A significant amount of news supported the markets’ move to all-time highs on Friday. The Dow Jones industrials finished the week up 1.33%, with the Standard & Poor’s 500 and Nasdaq advancing 0.9% and 1.41%, respectively. Passage of the tax bill became more certain and is expected to be passed by the House on Tuesday and Senate on Wednesday. We believe the tax plan will provide a significant boost to corporate profits in 2018 and fuel increased economic growth. How much real economic growth is the only question. The economy has never suffered a recession with corporate profits rising.
As widely anticipated, the Federal Open Market Committee raised short-term interest rates a ¼ point to 1.5% at Janet Yellen’s last meeting as chair. We continue to anticipate the Fed will raise rates three times in 2018. Despite turnover at the FOMC, we expect Jerome Powell to maintain the course set by Janet Yellen.
The economy is strong and getting stronger. U.S. retail sales increased in November, rising +0.8% month over month. October sales were also revised higher.
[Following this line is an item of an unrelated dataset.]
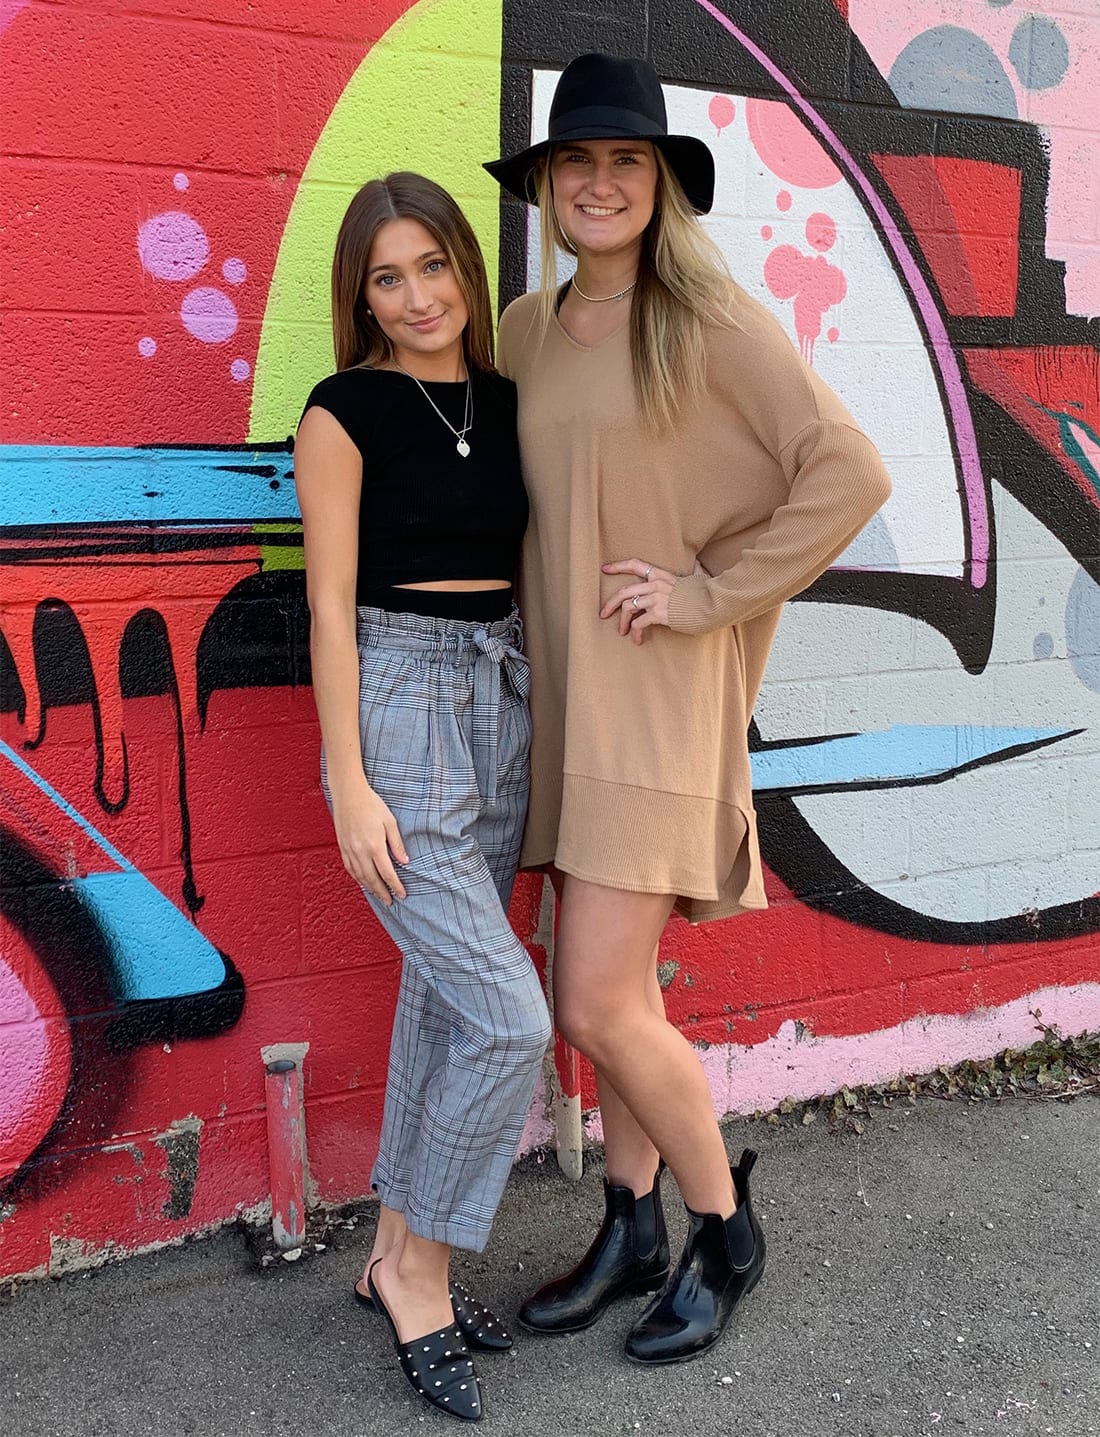 Broad students Jackie Smythe and Olivia Miller stand together in front of a brightly painted brick wall.
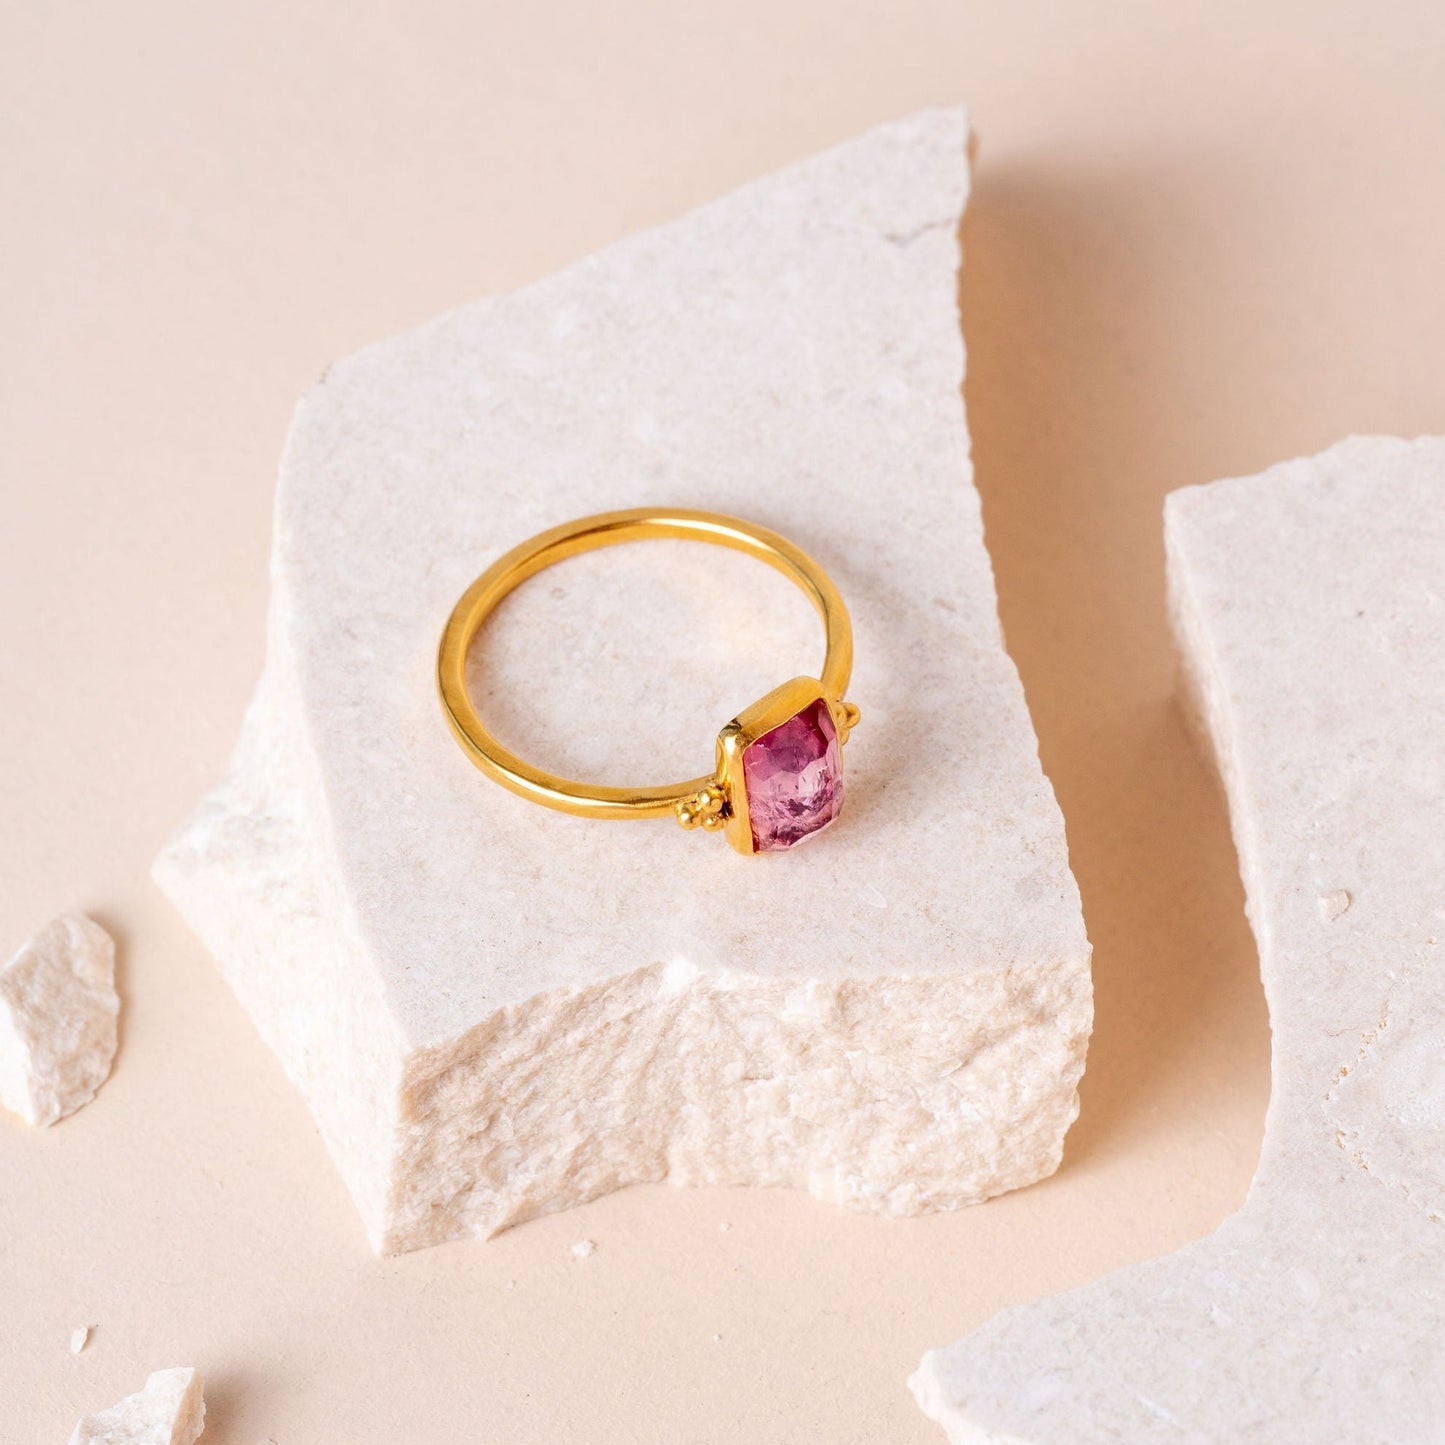 Handcrafted gold ring adorned with a delicate pink tourmaline and dainty granulation.

Retail sales are up 6.3% year-over-year, and up 3.5% after adjusting for inflation. The Purchasing Managers Index, a measure of manufacturing rose from 53.8 to an 11-month high of 55, while the Services Index fell to a 15-month low of 52.4. The National Federation of Independent Businesses small business optimism index also surged again in November.
After a protracted and contentious proxy battle, Procter & Gamble has agreed to add Trian’s Nelson Peltz to their board of directors. We believe Peltz will be a positive agent for continued change at the company as they navigate changing consumer preferences.
Congress must take action to avert a government shutdown.